[Opening Given entries section]
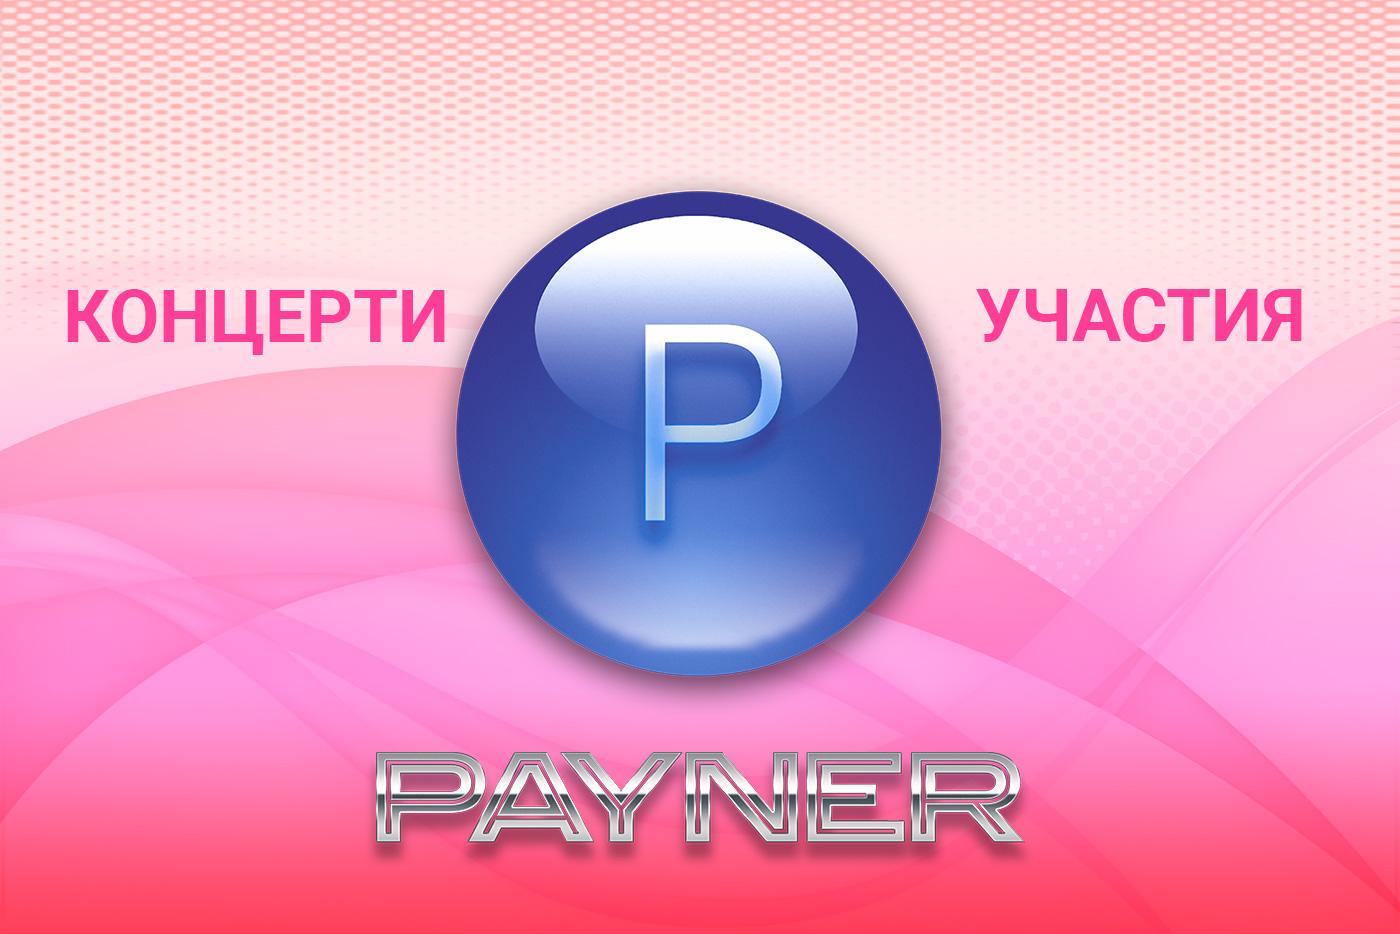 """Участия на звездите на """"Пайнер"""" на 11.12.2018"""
[Closing Given entries section]
[Opening Given entries section]
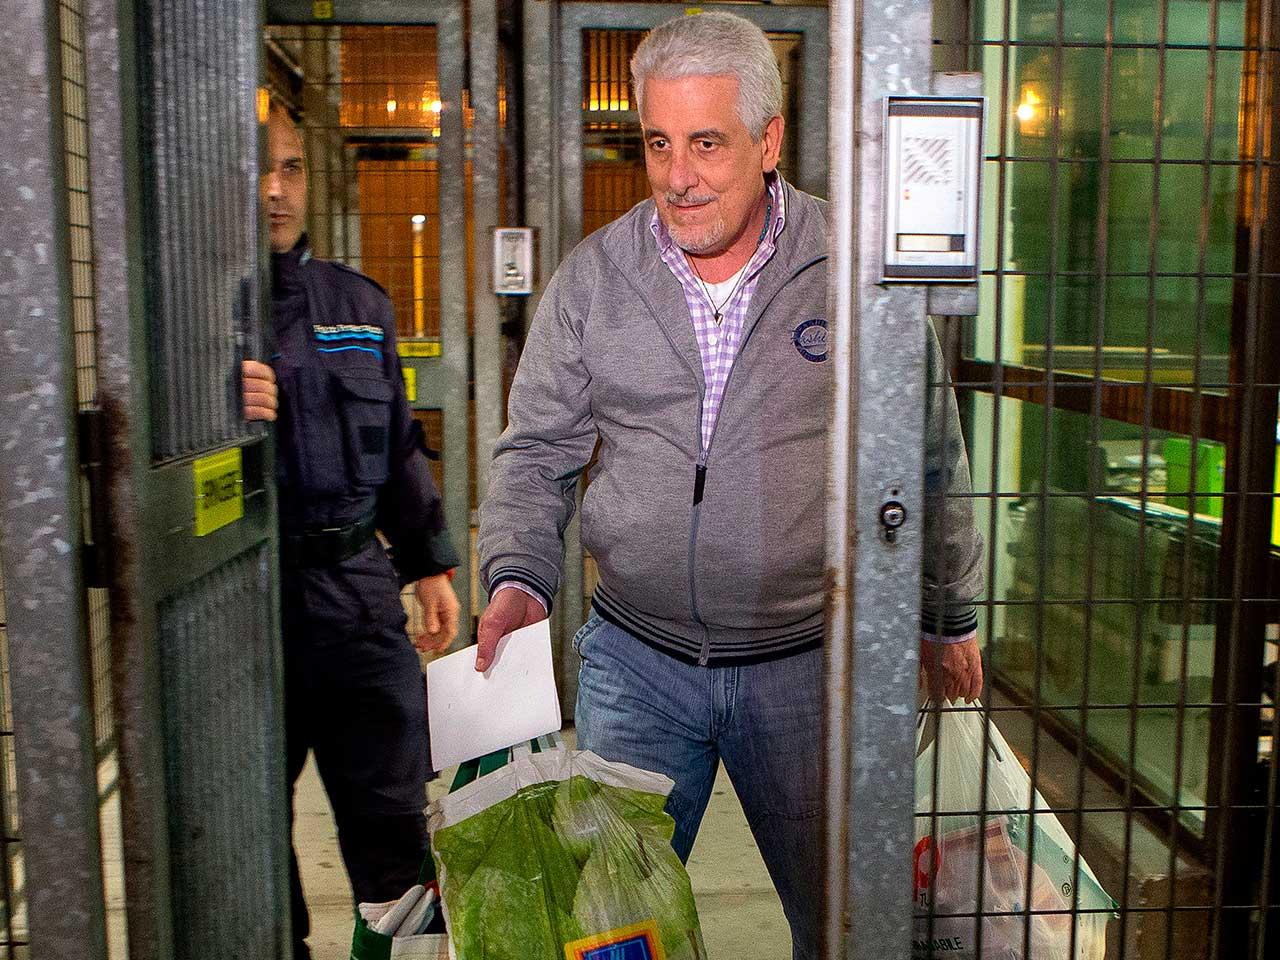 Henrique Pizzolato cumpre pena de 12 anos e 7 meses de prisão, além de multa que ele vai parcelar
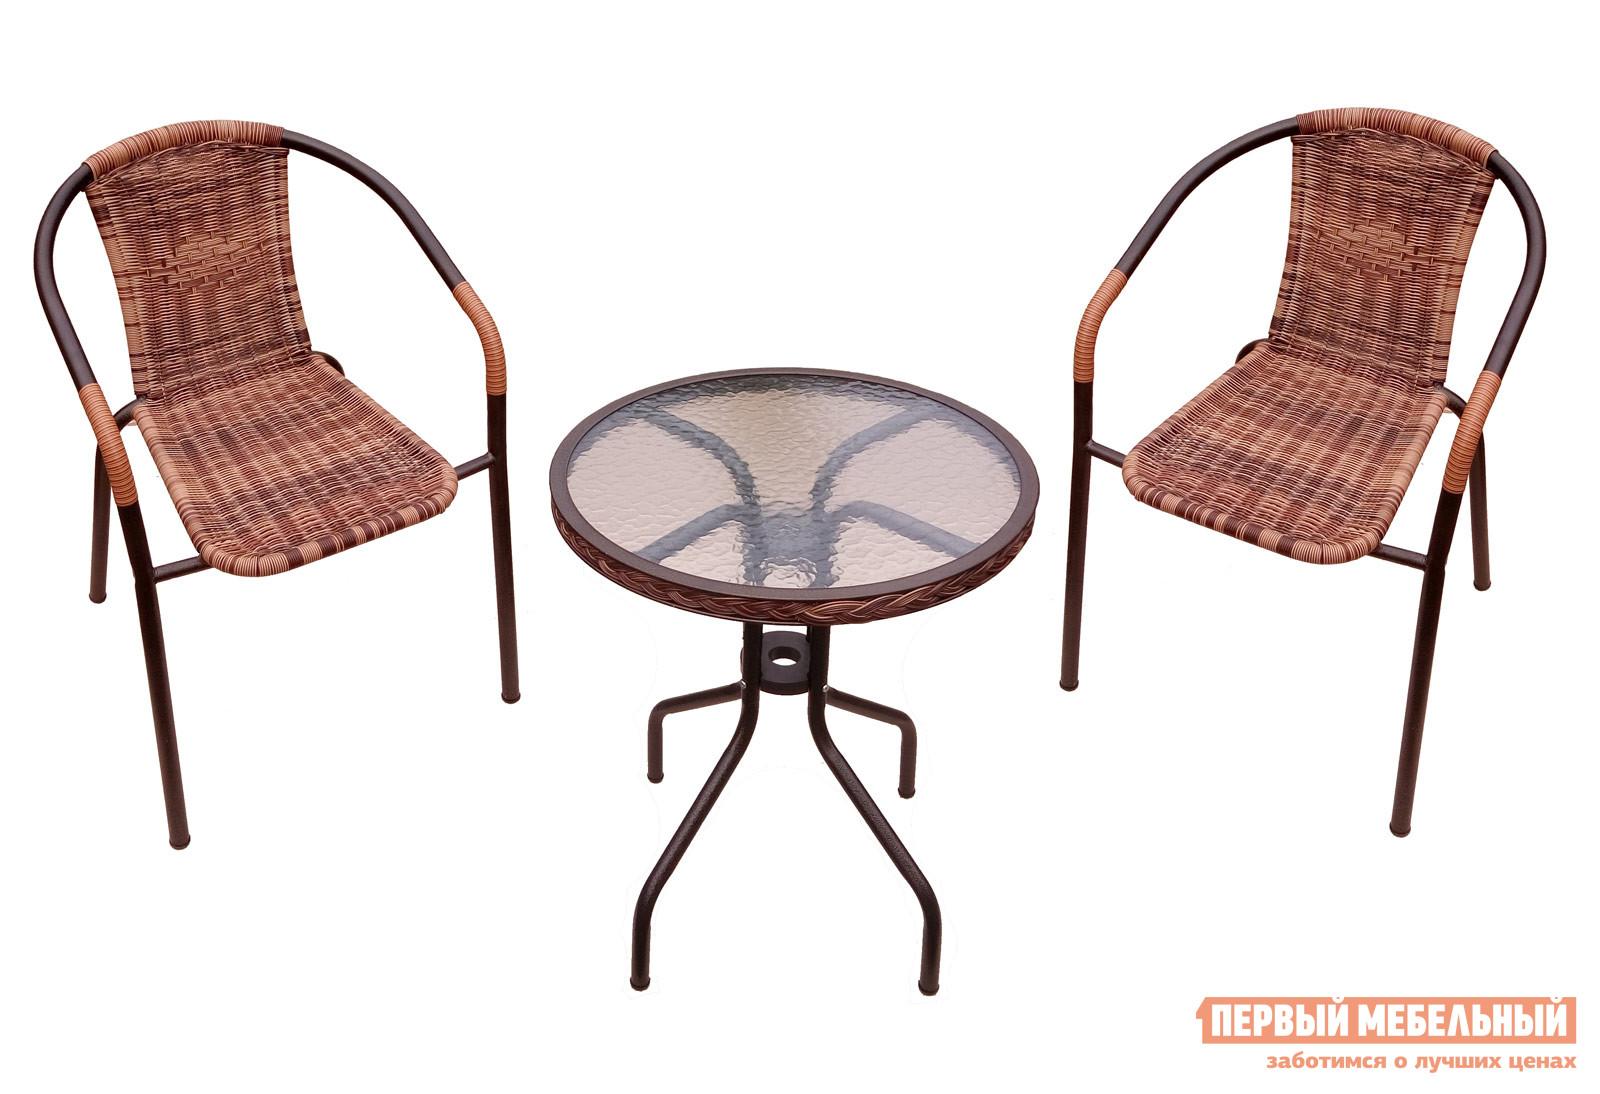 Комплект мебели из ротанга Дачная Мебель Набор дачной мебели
[Closing Given entries section]
Word for word, repeat the lines above from the one with "Henrique Pizzolato cumpre" through the one with "Комплект мебели из", and nothing beyond them. Omit the pictures.

* _Result of this exercise_:
 Henrique Pizzolato cumpre pena de 12 anos e 7 meses de prisão, além de multa que ele vai parcelar
 Комплект мебели из ротанга Дачная Мебель Набор дачной мебели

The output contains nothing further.